- Task item
Exactly the lines from the one with "Faelyn Long Pendant Necklace" through the end of the data below must be set down, and no pictures with them.

- Supplied material
---------------

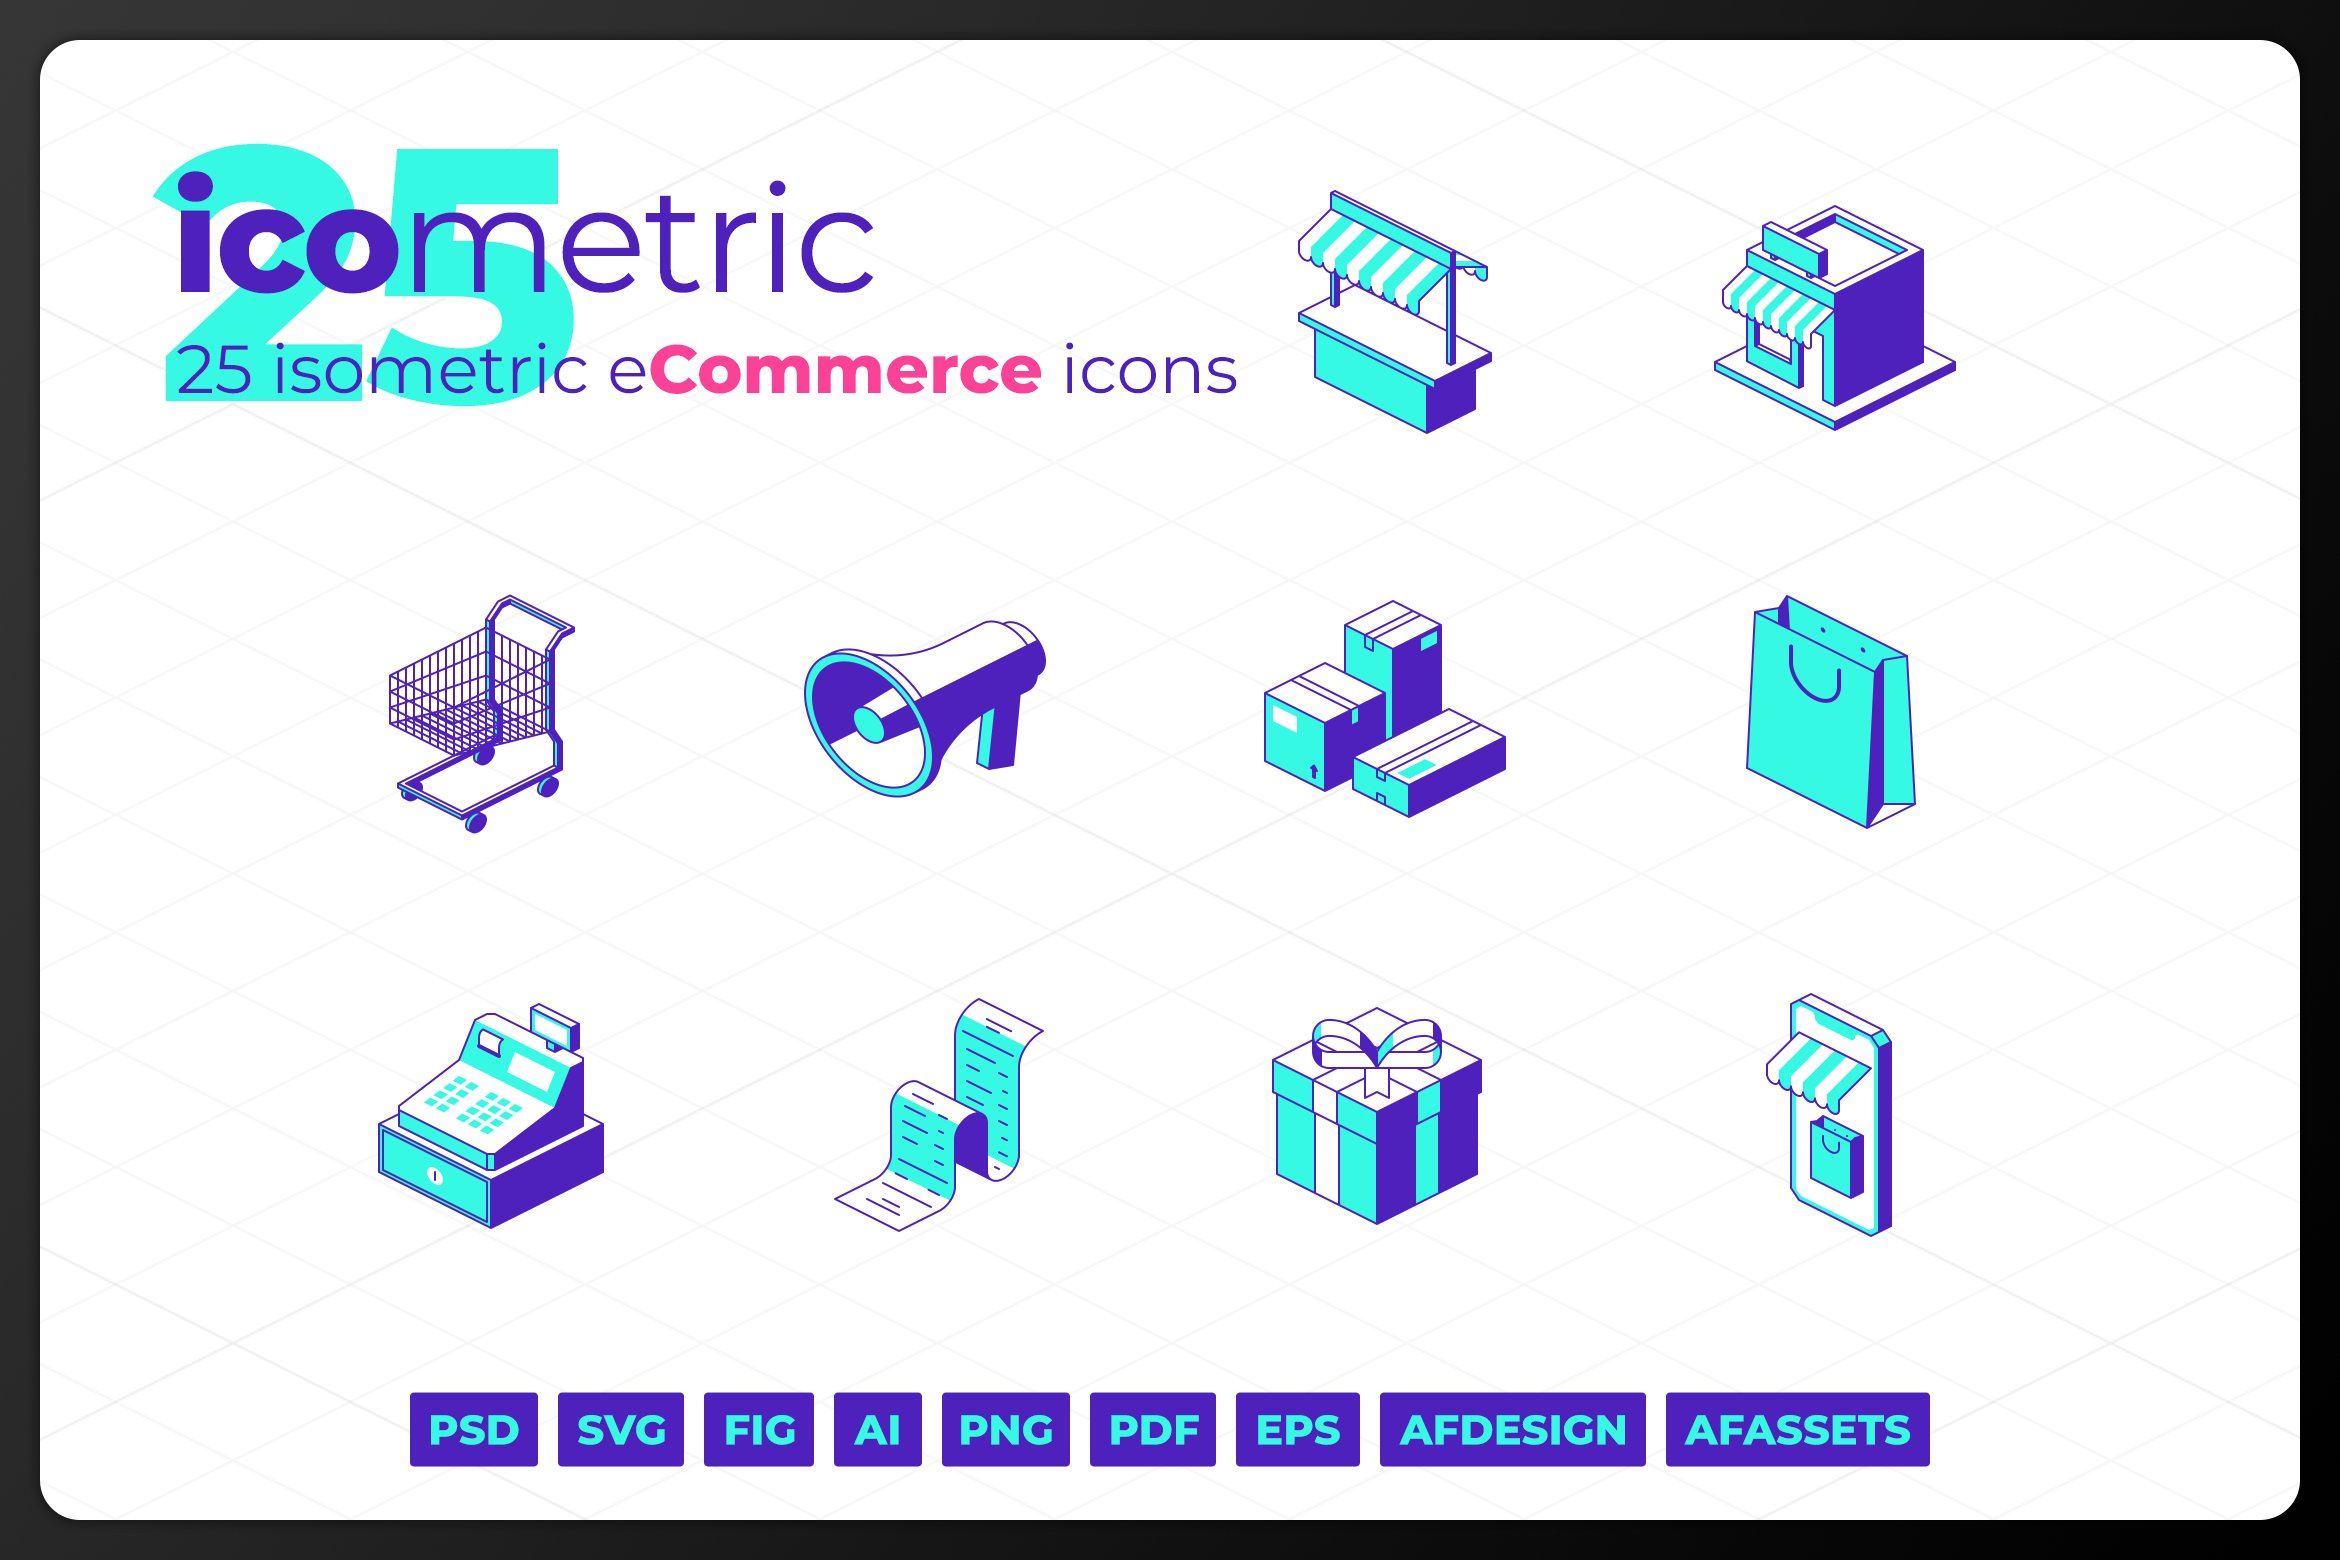 Icometric - eCommerce Icons cover image.
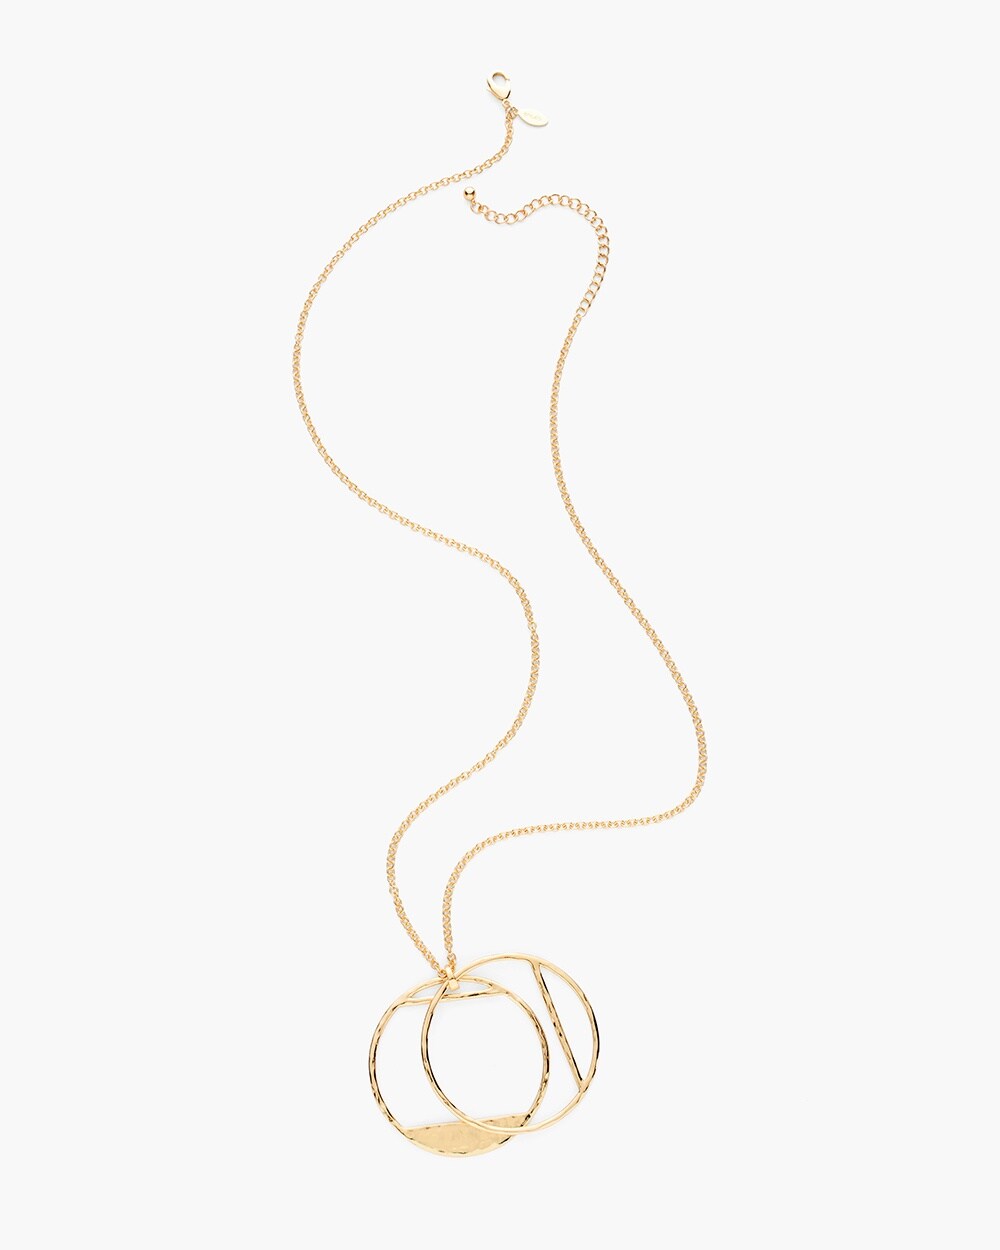 Faelyn Long Pendant Necklace
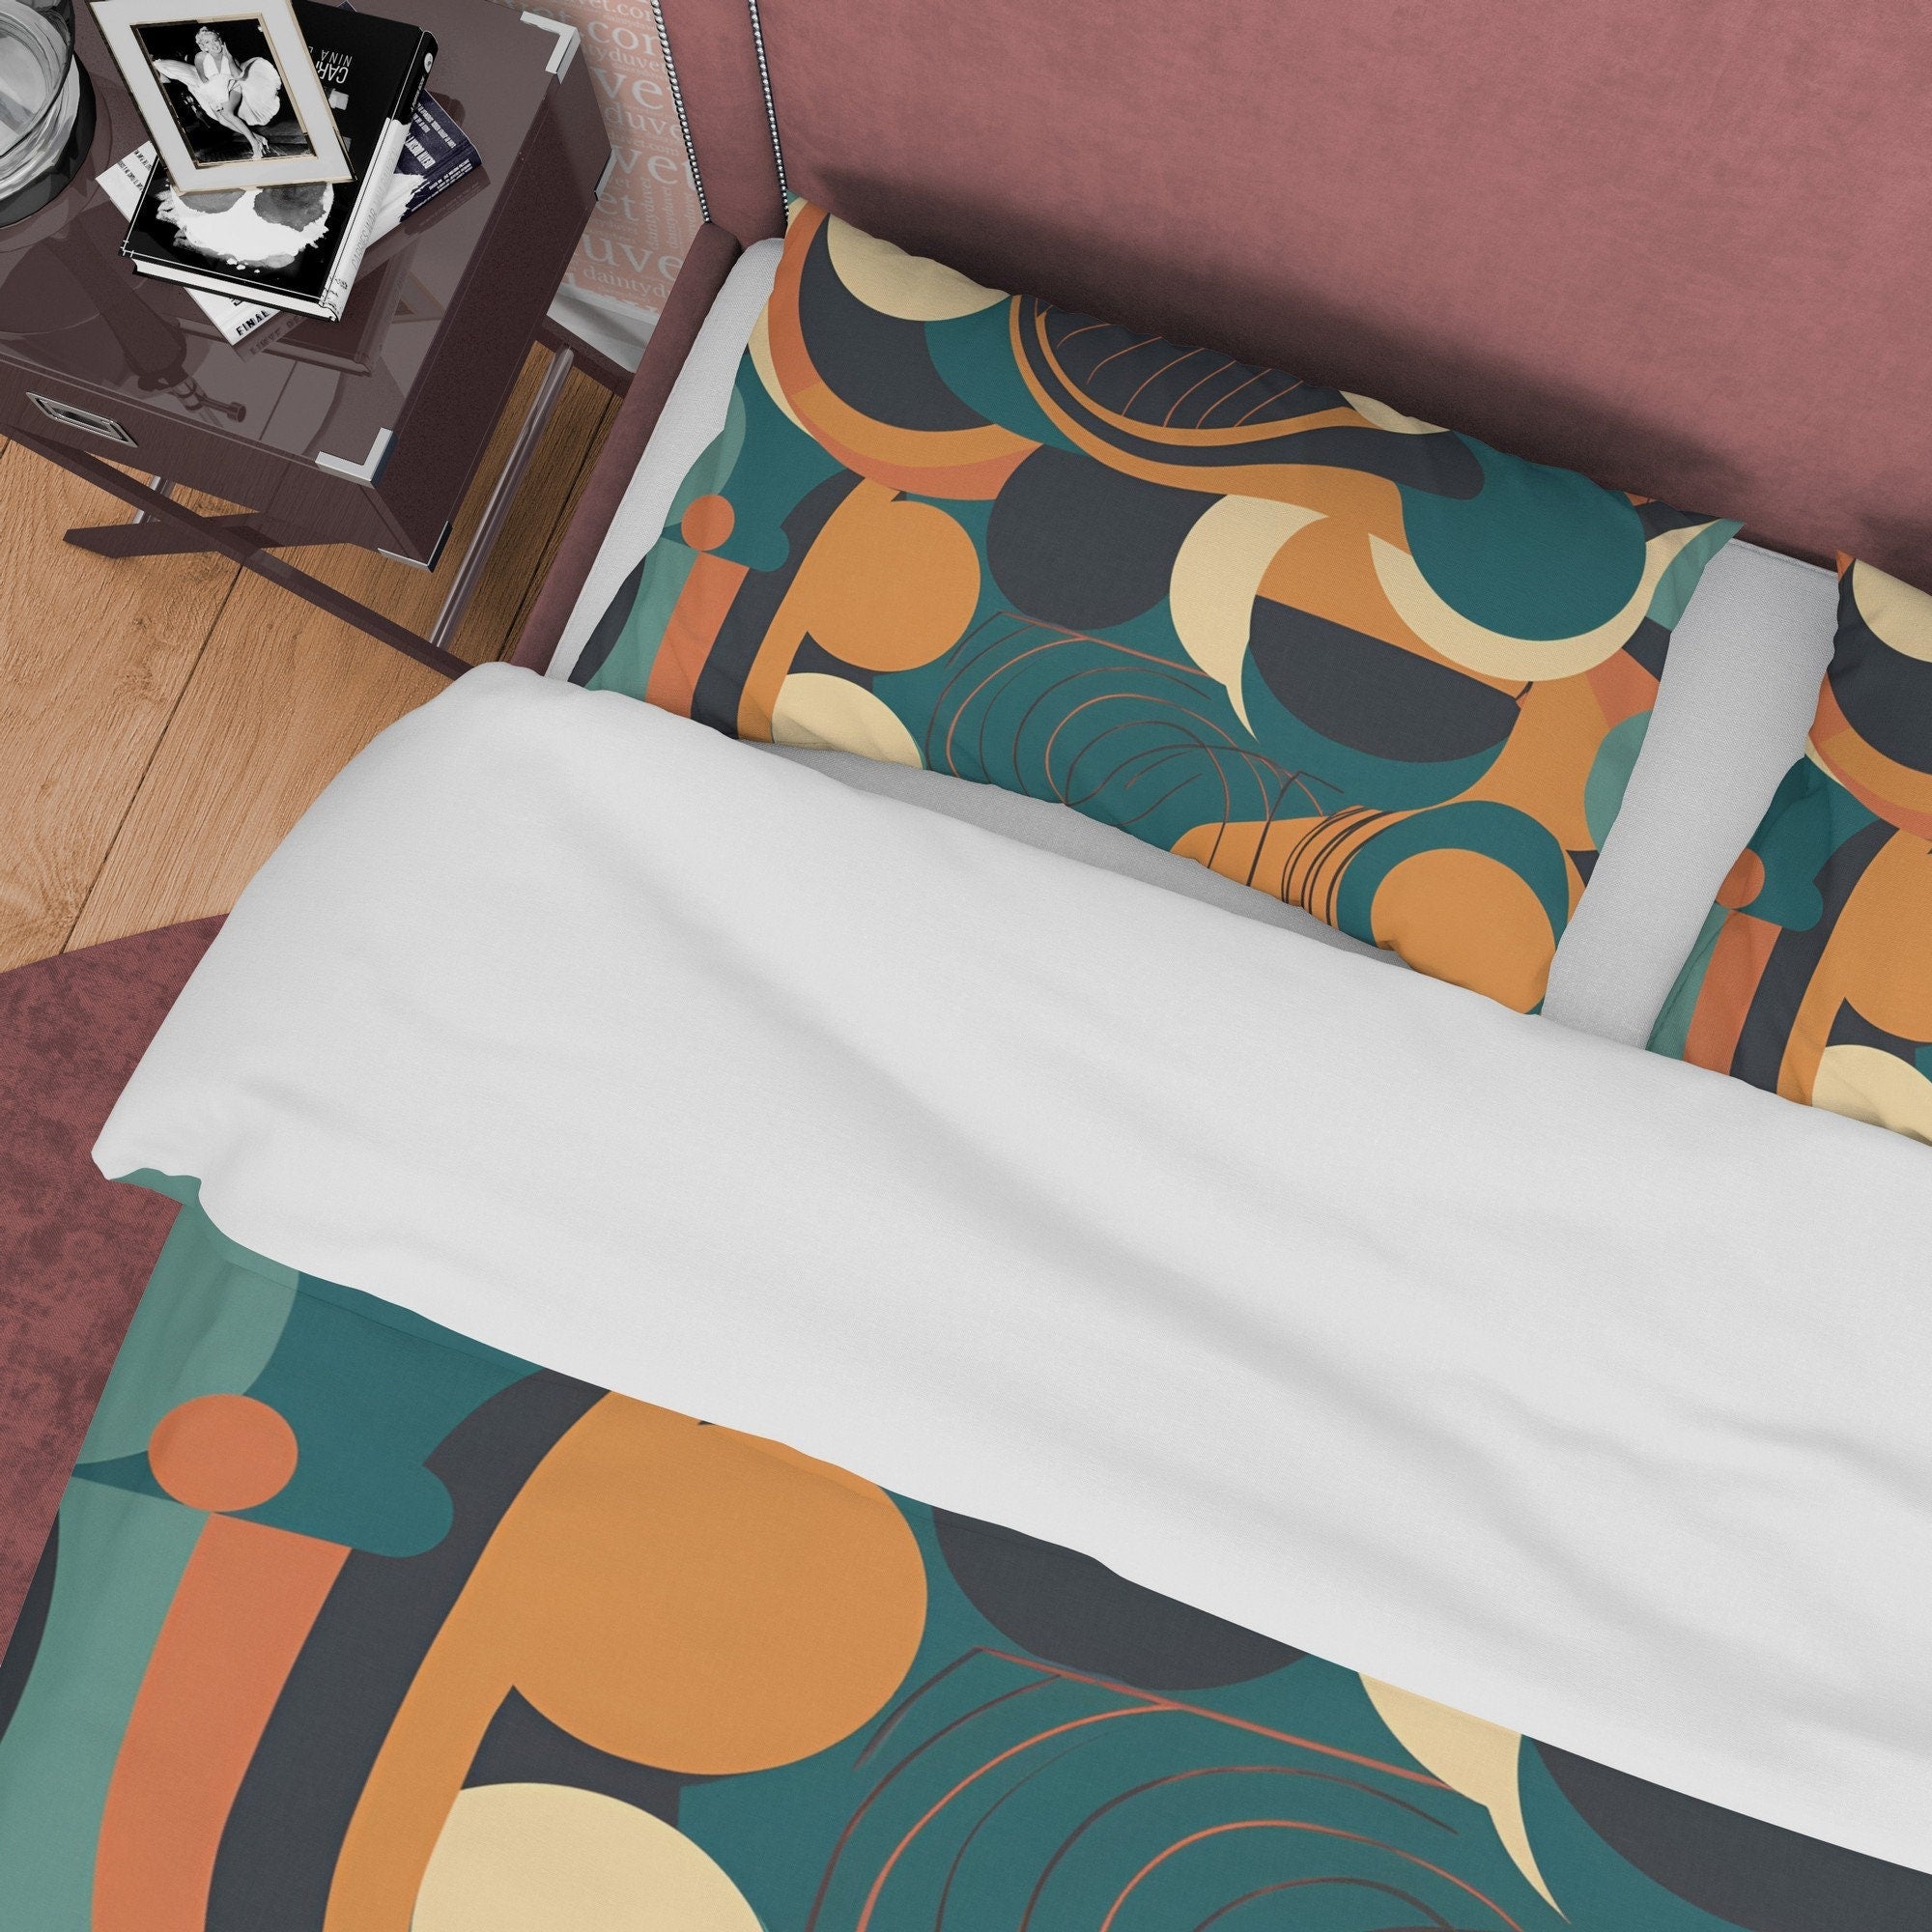 Geometric Green Retro Bedding Set, Coffee Brown Duvet Cover, Unique Vintage Pattern Quilt Cover, 70's Design Bed Cover, Zipper Bedding

---------------

- Task solution
 Faelyn Long Pendant Necklace
 Geometric Green Retro Bedding Set, Coffee Brown Duvet Cover, Unique Vintage Pattern Quilt Cover, 70's Design Bed Cover, Zipper Bedding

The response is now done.